1. [Subresource Loading](https://wicg.github.io/webpackage/subresource-loading.html)
([Explainer](https://github.com/WICG/webpackage/blob/main/explainers/subresource-loading.md)):
A description of how browsers load a large number of resources efficiently with
[Web Bundles](https://wpack-wg.github.io/bundled-responses/draft-ietf-wpack-bundled-responses.html).
This is initially specified here, and will eventually merge into
the appropriate specs.

A previous draft of the format combined layers 1 and 2 into a single format for
signed packages:
[draft-yasskin-dispatch-web-packaging](https://wicg.github.io/webpackage/draft-yasskin-dispatch-web-packaging.html)
([IETF draft](https://tools.ietf.org/html/draft-yasskin-dispatch-web-packaging)).
The DISPATCH WG at IETF99
[recommended](https://datatracker.ietf.org/doc/minutes-99-dispatch/) the current
split.

## Building this repository

### Building the Draft

Formatted text and HTML versions of the draft can be built using `make`.

```sh
$ make
```

This requires that you have software installed as described in
https://github.com/martinthomson/i-d-template/blob/main/doc/SETUP.md.

### Packaging tools

#### Signed HTTP Exchanges

Install this with `go install github.com/WICG/webpackage/go/signedexchange/cmd/...` (Golang 1.18+).

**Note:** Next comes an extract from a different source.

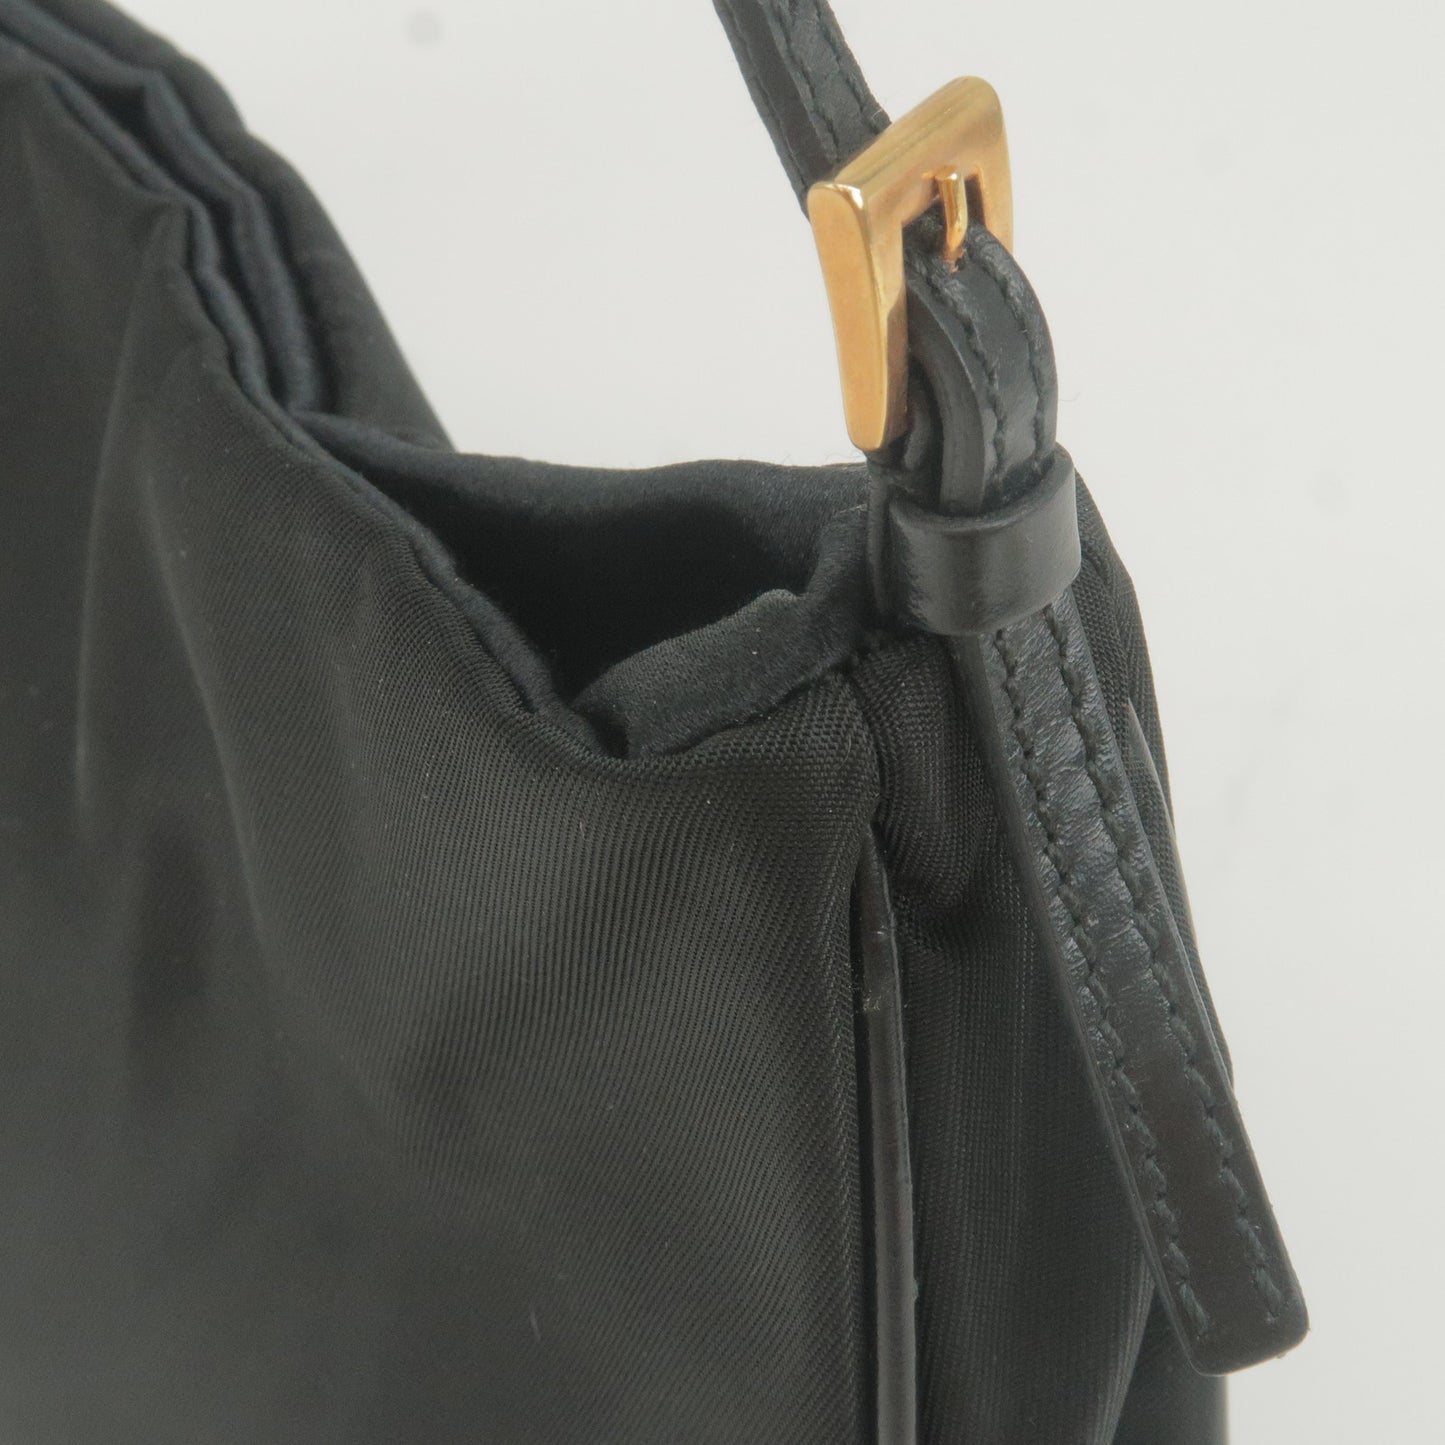 PRADA Nylon Chain Shoulder Bag Rose Gold NERO Black 1BB903
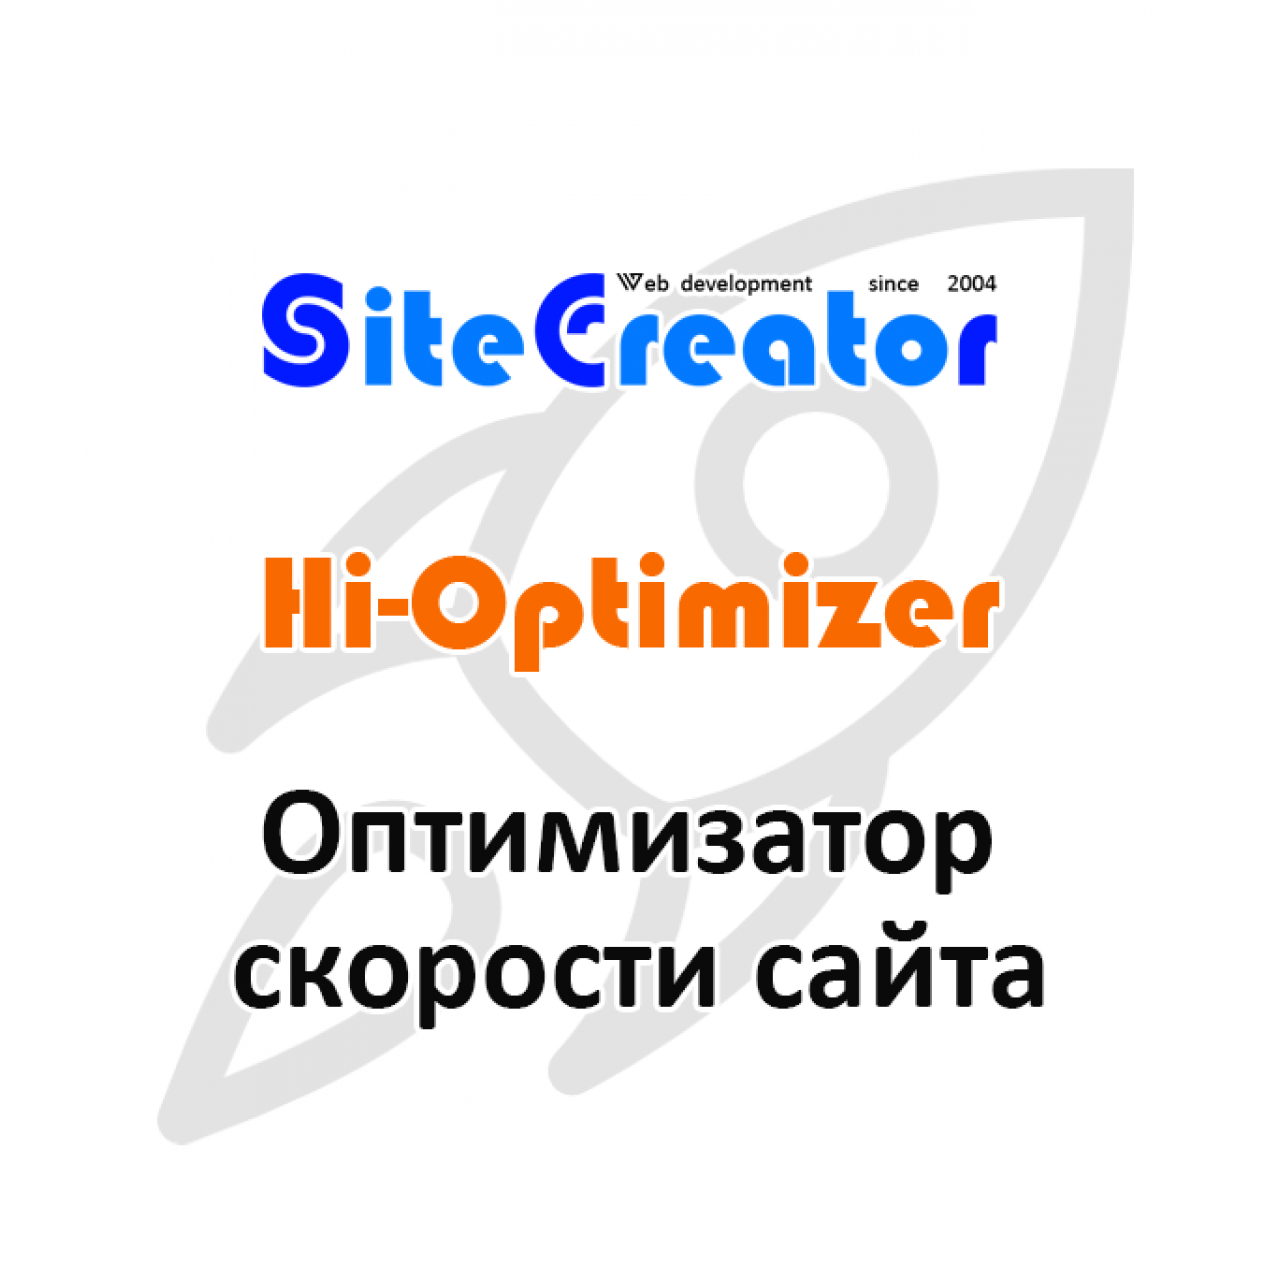 Hi-Optimizer for Opencart - интеллектуальный оптимизатор сайта для повышения скорости загрузки страниц и оценки pagespeed google  вер. 1.5.1 из категории Кэширование, Сжатие, Ускорение для CMS OpenCart (ОпенКарт)

See [go/signedexchange](go/signedexchange) for the usage of the tool.

#### Web Bundles

There are several tools.

- Go (Reference Implementation)

Install this with `go install github.com/WICG/webpackage/go/bundle/cmd/...`.

See [go/bundle](go/bundle) for the usage of the tool.

- Node

There is a npm package, [wbn](https://www.npmjs.com/package/wbn).

- Plugin for bundlers (Experimental)

- [Rollup plugin](https://github.com/GoogleChromeLabs/rollup-plugin-webbundle)
- [Webpack plugin](https://github.com/GoogleChromeLabs/webbundle-webpack-plugin)

- Rust (Experimental)

- [google/webbundle](https://github.com/google/webbundle)

#### Isolated Web Apps (signing with integrity block)

- Go (Reference Implementation)

See [go/bundle#using-integrity-block-sub-command](go/bundle#using-integrity-block-sub-command) for more.

- Node

There is a npm package, [wbn-sign](https://www.npmjs.com/package/wbn-sign).

Also same plugins as for Web Bundles can sign the bundles.